▶ [What the task asks]: Pictures found in the material must be left out, and every line returned as written.

▶ [Dataset section]:
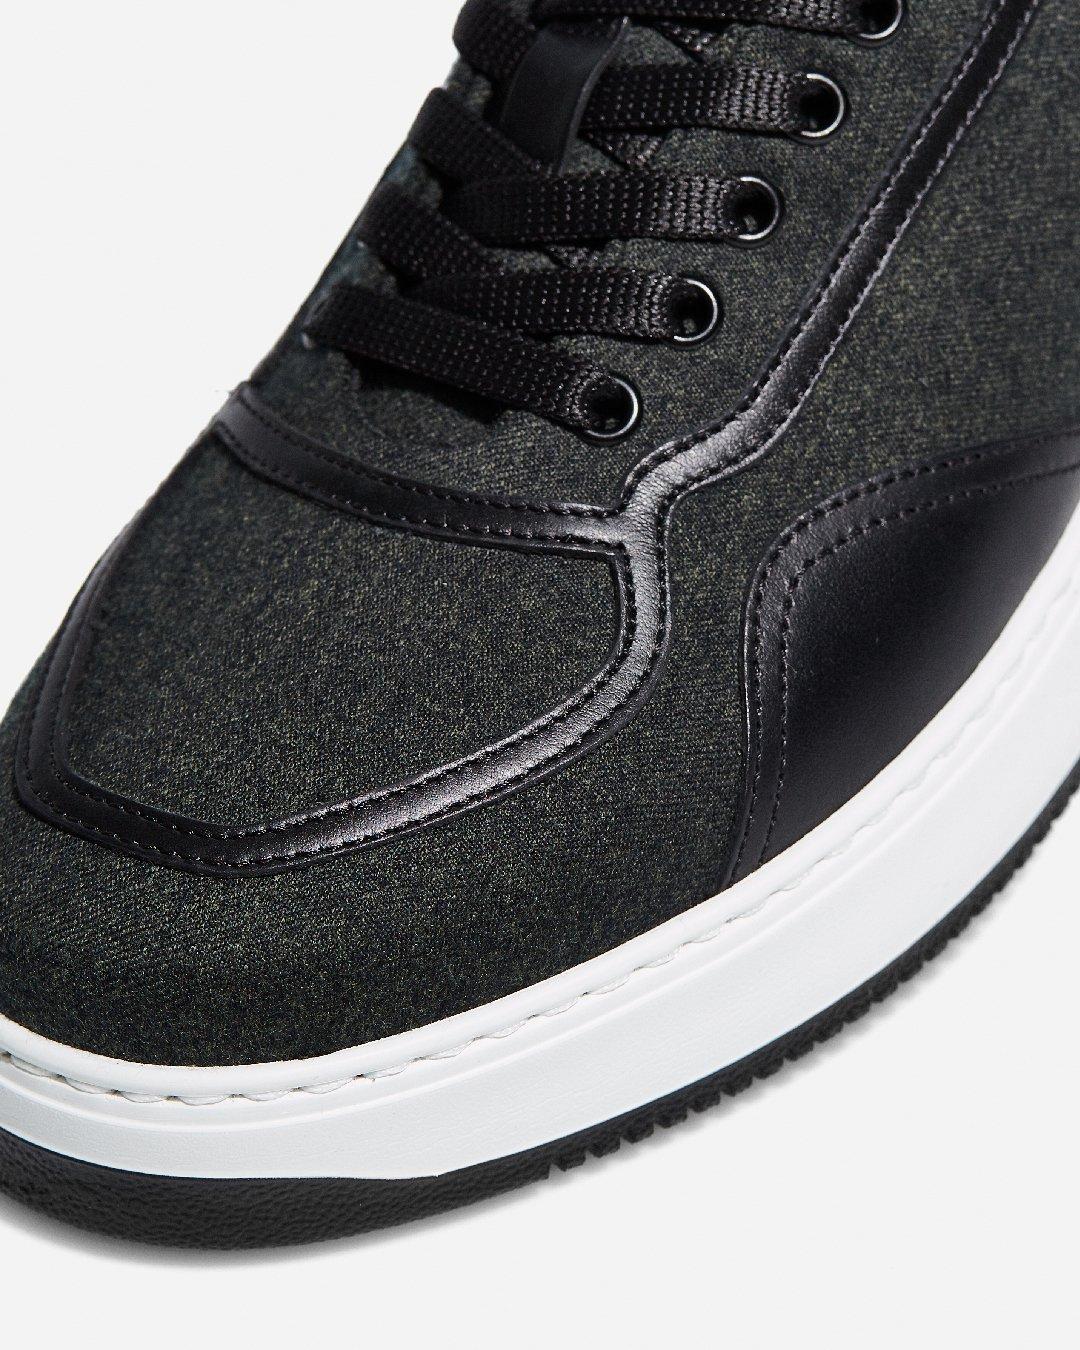 Дышашие кроссовки от Reda Active из мериносовой шерсти
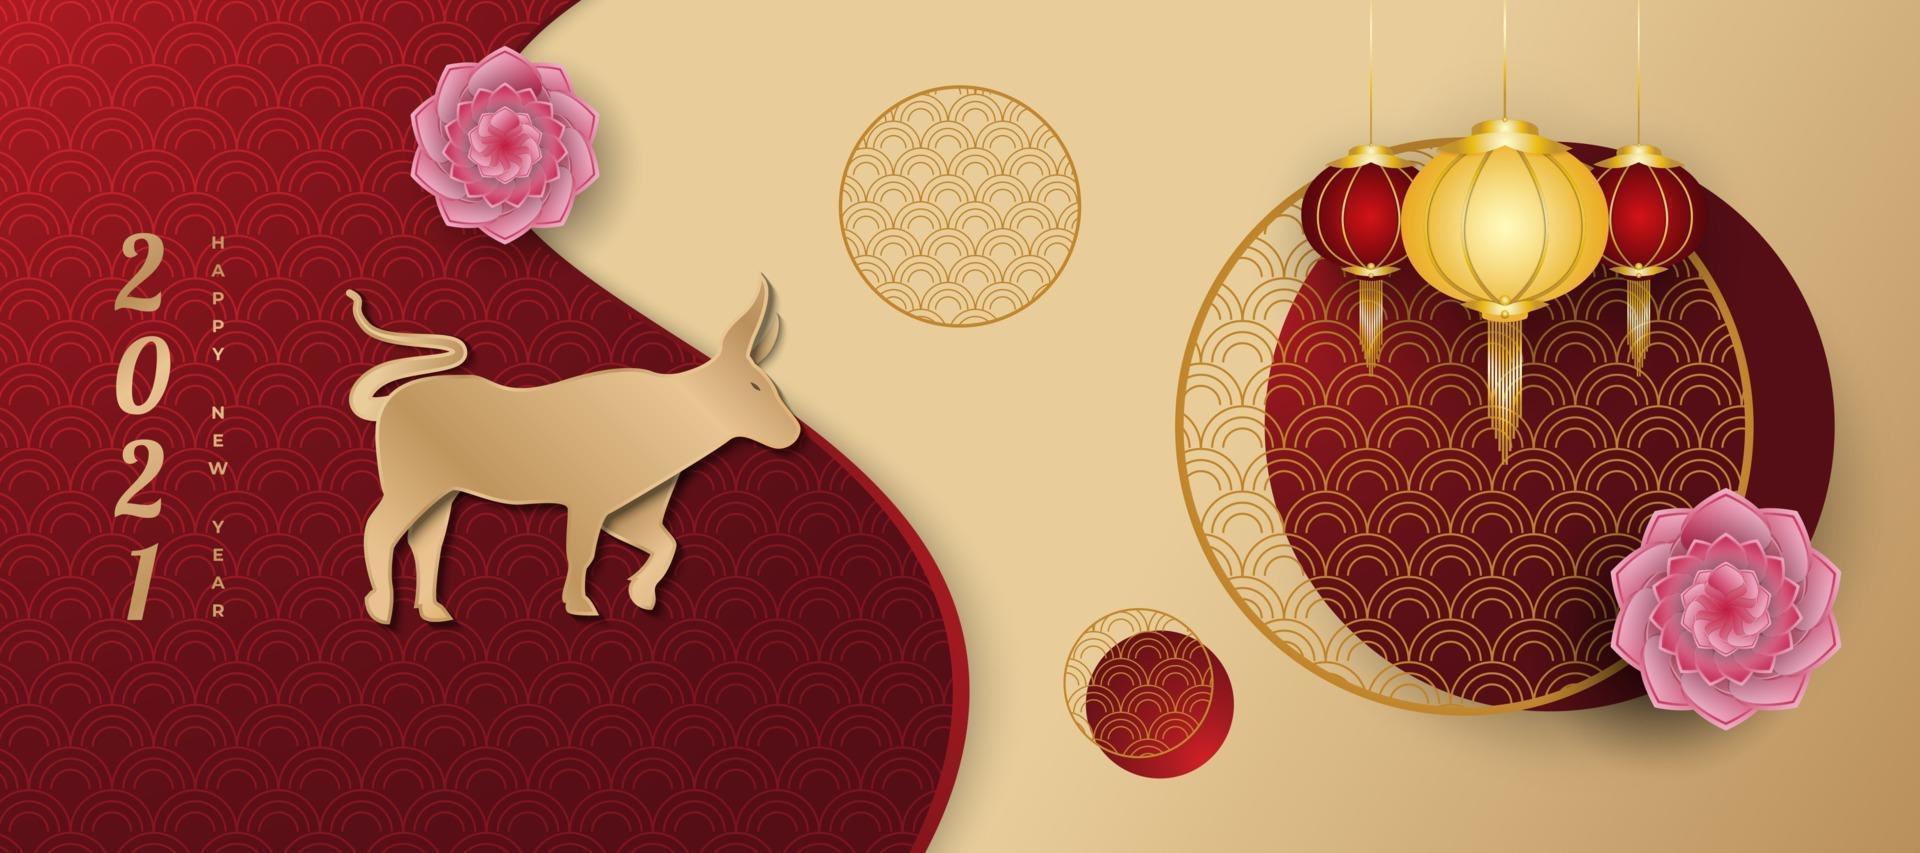 Bannière de voeux de nouvel an chinois décorée de bœuf doré, de lanternes et de fleurs en papier découpé style sur fond abstrait vecteur
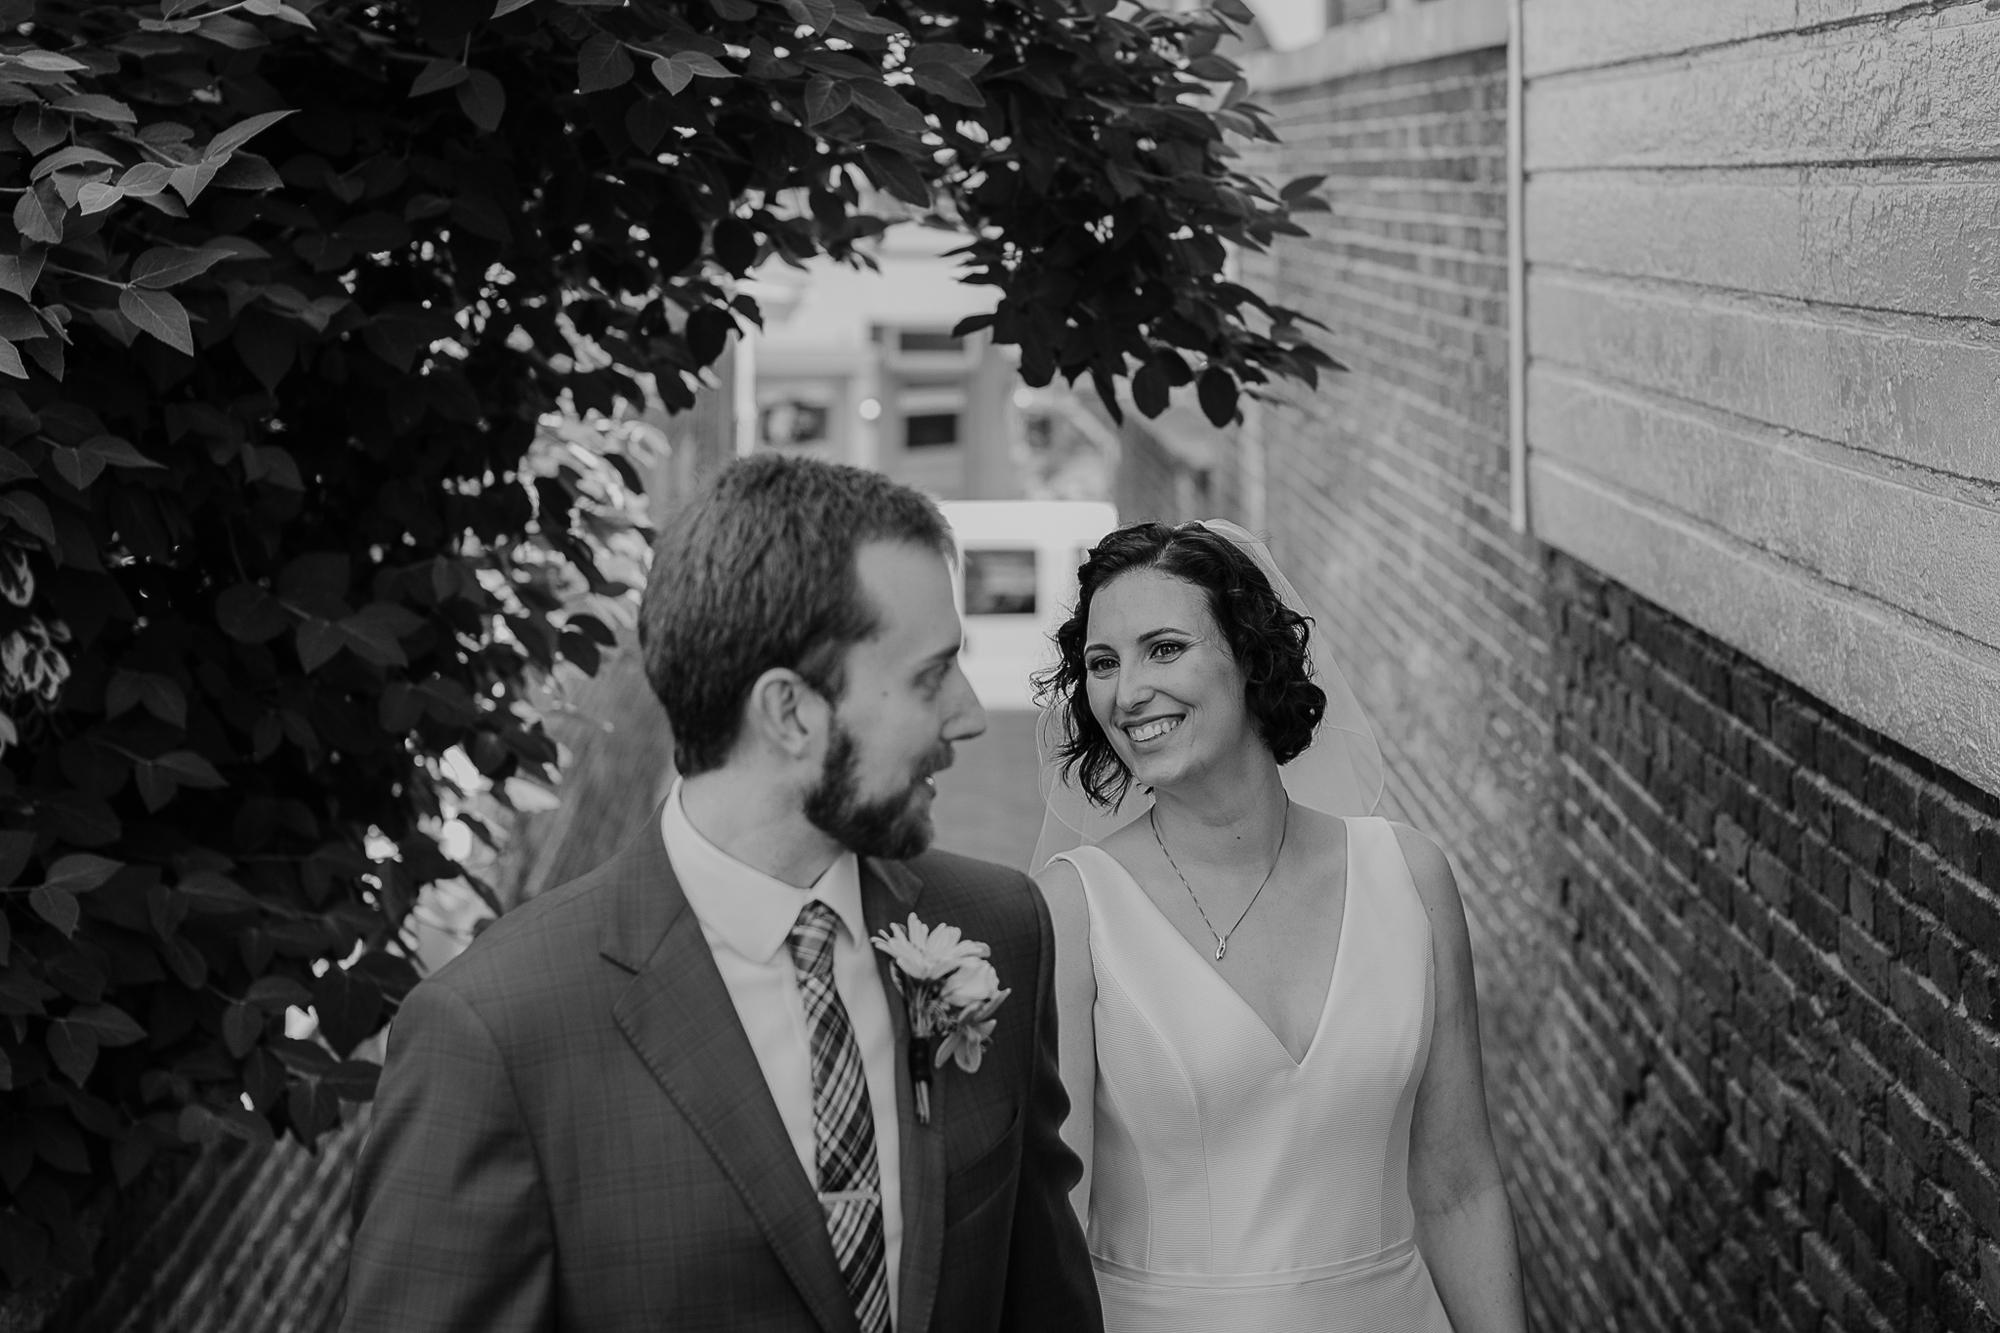 066-annapolis_courthouse_wedding.jpg

▶ [Response to this task]:
 Дышашие кроссовки от Reda Active из мериносовой шерсти
 Bannière de voeux de nouvel an chinois décorée de bœuf doré, de lanternes et de fleurs en papier découpé style sur fond abstrait vecteur
 066-annapolis_courthouse_wedding.jpg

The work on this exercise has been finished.